Steffen Volk: Ich will das nicht pauschalisieren. Aber ich glaube, wenn sich Führungskräfte und Entscheidungsträger solcher Unternehmen ehrlich reflektieren würden, dann könnte es sein, dass man zu der Erkenntnis kommt, dass eine höhere Fluktuation womöglich auch mit der sinkenden Bereitschaft der Mitarbeitenden zu tun hat, in einem solchen Unternehmen arbeiten zu wollen.
Die Frage, die sich dann stellt: Gewinne ich durch eine solche nicht vorhandene Fehlerkultur wirklich etwas? Oder mache ich vielleicht mehr kaputt? Eine Fluktuation muss ich ja wieder wettmachen. Und das „Onboarding“ neuer Mitarbeiter kostet viel Zeit, Energie und Geld. Wenn ich immer wieder neue Mitarbeiter einlernen muss, kostet das ebenso viel Zeit. Darunter leidet die Produktivität.
Ist ein Betrieb langfristig gefährdet, wenn die Resilienz bei Führungskräften langfristig nachlässt?
Helmut Martin: Zu hundert Prozent ja! Wenn Führungskräfte wegbrechen, brechen bei den meisten Unternehmen die tragenden Säulen weg. Neben einem Mangel an Orientierung und Leitung bricht auch der Informationsfluss weg – mit fatalen Folgen!
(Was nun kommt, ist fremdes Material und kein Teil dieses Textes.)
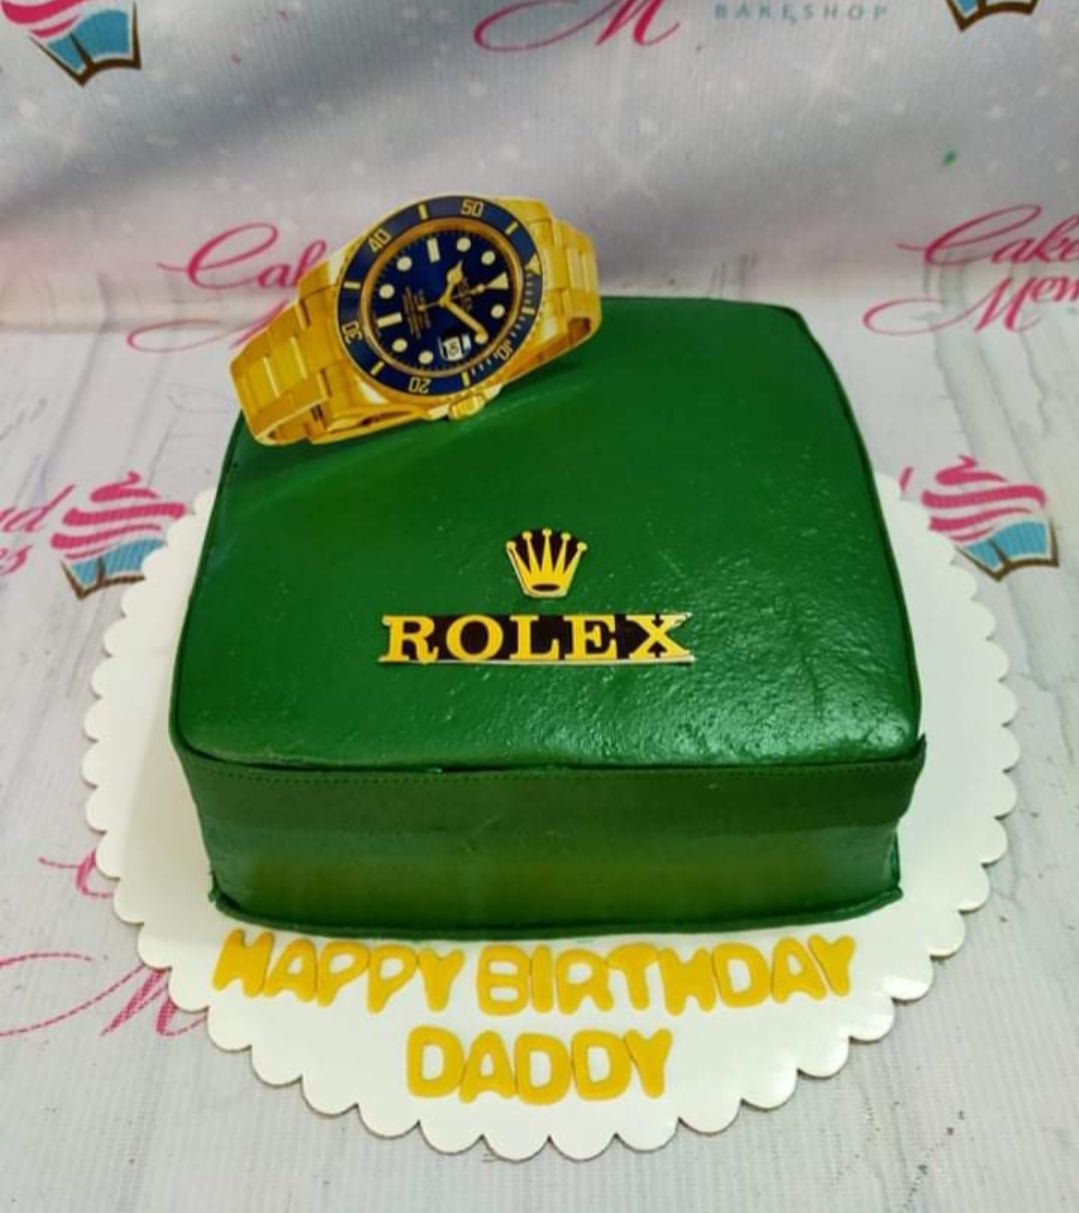 Watch Cakes Ideas For Him || Rolex Watch Cake Ideas ⌚ ✓ Cakes For Him on  Birthday or Success Party - YouTube
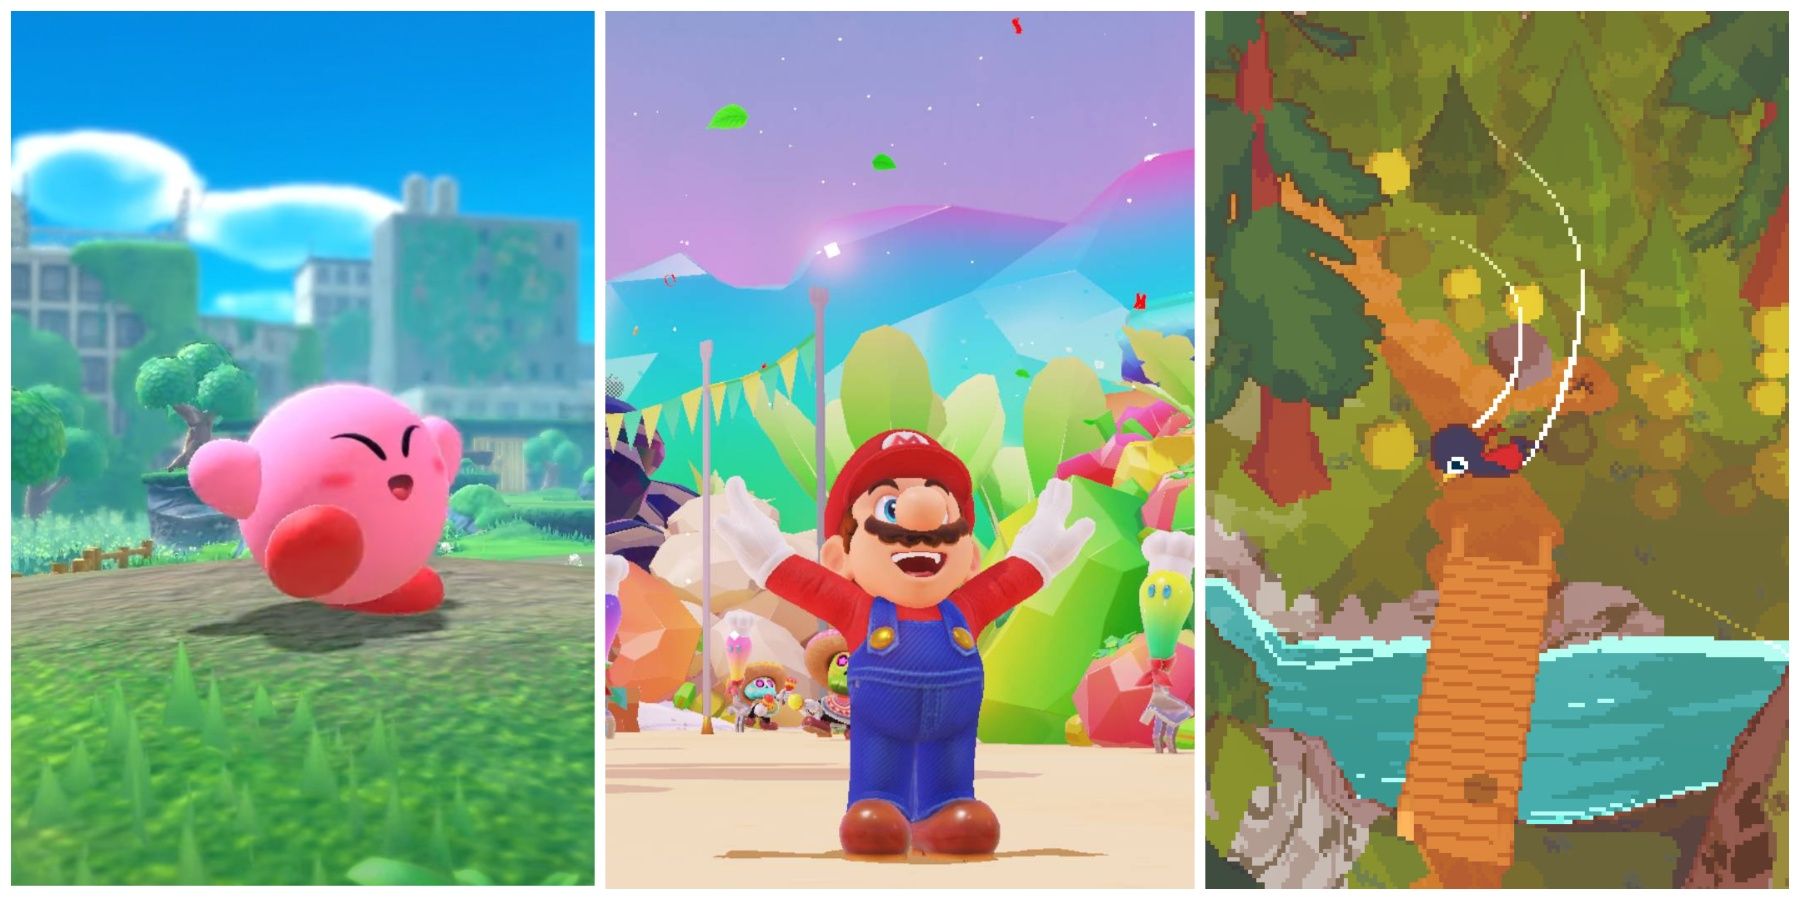 Featured image of Nintendo Switch 3D platformers Kirby and the Forgotten Land, Super Mario Odyssey, and A Short Hike

Steffen Volk: Ich schließe mich dem an. Wenn die Führungsebene wegbricht, ebenso Leistungsträger auf anderen Ebenen, dann hat das massive Auswirkungen auf das Unternehmen. Denken Sie allein an die Tatsache, dass manche Mitarbeiter bis zu 49 Tage wegen Krankheit im Jahr fehlen.
Zu guter Letzt: Nennen Sie die aus Ihrer Sicht 3 wesentlichen Bausteine für eine nachhaltige Resilienz bei Führungskräften!
Steffen Volk: Es gibt den schönen Satz: Veränderung beginnt bei sich selbst. Man sollte stets durch Reflexion Veränderungen herbeiführen. Dazu gehört die Selbstreflexion und damit folgende Fragen: Was sind meine Kraftquellen, was sind meine Energieräuber? Zweitens: Eigene Strukturen schaffen! Ich selber beschäftige mich alle 14 Tage mit meiner persönlichen Weiterentwicklung, was wiederum Auswirkungen auf mein Team hat – und ebenso auf die Außendarstellung des Unternehmens. Drittens: Wie schaffe ich mir einen Ausgleich? Ich denke an mein soziales Netzwerk, also an mir nahestehende Personen, an Sportaktivitäten. Ein regelmäßiges Herz-Kreislauf-Training sorgt für den Abbau von Stresshormonen, zum Beispiel Cortisol, und für die Senkung von Blutzucker und Blutfett. Ob Joggen, Tanzen, Krafttraining oder Mannschaftssportarten – welche Art von Sport für den Stressabbau gewählt wird, richtet sich ganz nach den persönlichen Vorlieben.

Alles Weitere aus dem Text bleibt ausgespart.